Evaluation of Artifacts
The results of the distortion artifact assessment are summarized in Table 5. There were no intergroup differences in artifact scores between FBP, AV50, TFL, TFM, and TFH; however, AV100 scored significantly higher than the other reconstruction sets in all the WED groups. Although distortion artifacts were noted in most of the TrueFidelity reconstructions (135 cases for reader 1 and 133 cases for reader 2), they were also observed with FBP (37 cases for reader 1, 41 cases for reader 2), AV50 (28 cases for reader 1, 40 cases for reader 2), and AV100 (2 cases for reader 1 and 3 cases for reader 2) (Figs. 6, 7). None of the cases showed distortion artifacts that were reported to affect the diagnostic value. The inter-reader agreement was good (κ = 0.74). Beam-hardening artifacts were observed in the images of six patients, and all cases were scored as grade 2 by both readers.
Table 5. Summary of Distortion Artifact for Six Reconstruction Algorithms.
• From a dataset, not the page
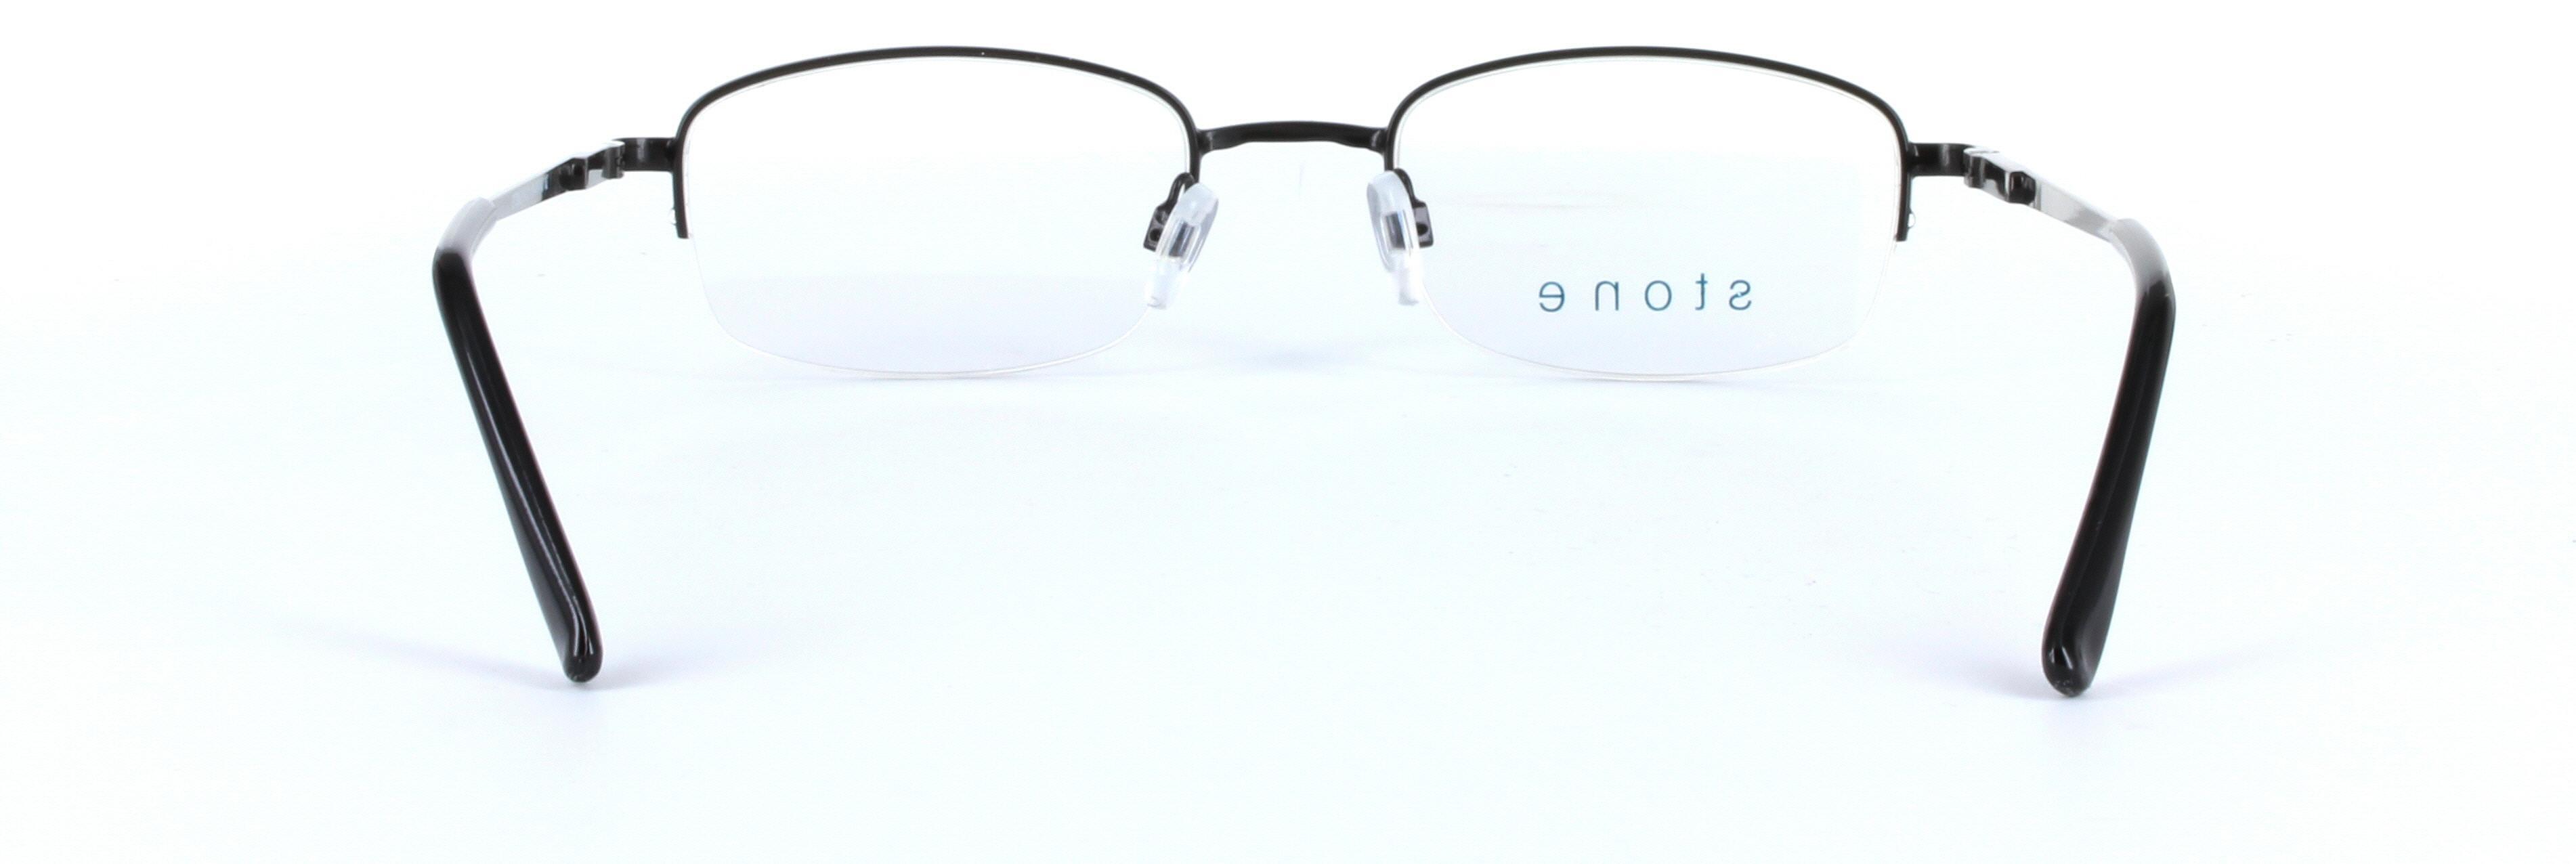 Harry Black Semi Rimless Rectangular Metal Glasses - Image View 3

Patients (WED Range) | FBP | AV50 | AV100 | TFL | TFM | TFH | P * |
---|---|---|---|---|---|---|---|
All | 2.13a ± 0.29 | 2.24a ± 0.33 | 2.94b ± 0.19 | 2.02a ± 0.10 | 2.00a ± 0.00 | 2.00a ± 0.00 | < 0.001 |
Group 1 (< 18 cm) | 2.27a ± 0.37 | 2.3a, b ± 0.37 | 2.9b ± 0.27 | 2.07a ± 0.18 | 2.00a ± 0.00 | 2.00a ± 0.00 | < 0.001 |
Group 2 (18–23 cm) | 2.10a ± 0.28 | 2.27a ± 0.37 | 3.00b ± 0.00 | 2.00a ± 0.00 | 2.00a ± 0.00 | 2.00a ± 0.00 | < 0.001 |
Group 3 (> 23 cm) | 2.03a ± 0.13 | 2.17a ± 0.24 | 2.93b ± 0.18 | 2.00a ± 0.00 | 2.00a ± 0.00 | 2.00a ± 0.00 | < 0.001 |
Data are the mean visual scores ± standard deviation. Nemenyi-Wilcoxon-Wilcox all-pairs test was used in the pairwise comparison of all groups. The same superscript represents the same group in the Nemenyi-Wilcoxon-Wilcox all-pairs test (the alphabetical order [a, b] indicates ascending order). Inter-reader agreement was calculated using a linear-weighted (κ) statistic. The inter-reader agreement between the two readers was good (κ = 0.74). *p values were calculated with Friedman rank sum test among the six groups. AV50 and AV100 = adaptive statistical iterative reconstruction–V with a blending factor of 50% and 100%, respectively. FBP = filtered back projection, TFL, TFM and TFH = TrueFidelity with low, medium and high strength levels, respectively, WED = water equivalent diameter
DISCUSSION
This study compared a DLR algorithm with FBP and IR algorithms for the reconstruction of pediatric abdominopelvic CT. In summary, we found that DLR resulted in improved noise characteristics and spatial resolution compared with FBP and IR. The TFH algorithm showed a lower NPS peak than that of the AV100 algorithm for all patients; however, AV100 showed the best noise magnitude reduction, followed by TFH. When the average spatial frequency was measured, AV100 provided a high-frequency shift towards lower frequencies in comparison with FBP, whereas TrueFidelity did not show a distinctive shift in any of the WED groups. In other words, AV100 suppressed the high-frequency components of NPS more than TrueFidelity did. These results are consistent with the fact that the higher the blending factor of ASiR-V, the smoother the image texture observed because the high-frequency component in the frequency domain describes sharp edges in the spatial domain [18]. In comparison, TrueFidelity showed a trivial left shift in the NPS average spatial frequency, a relatively preserved NPS pattern, and a comparable noise magnitude reduction as ASiR-V. These findings suggest that TrueFidelity provides relatively uniform noise reduction in the frequency domain, and as a result, provides superior image sharpness while maintaining comparable image noise suppression as ASiR-V.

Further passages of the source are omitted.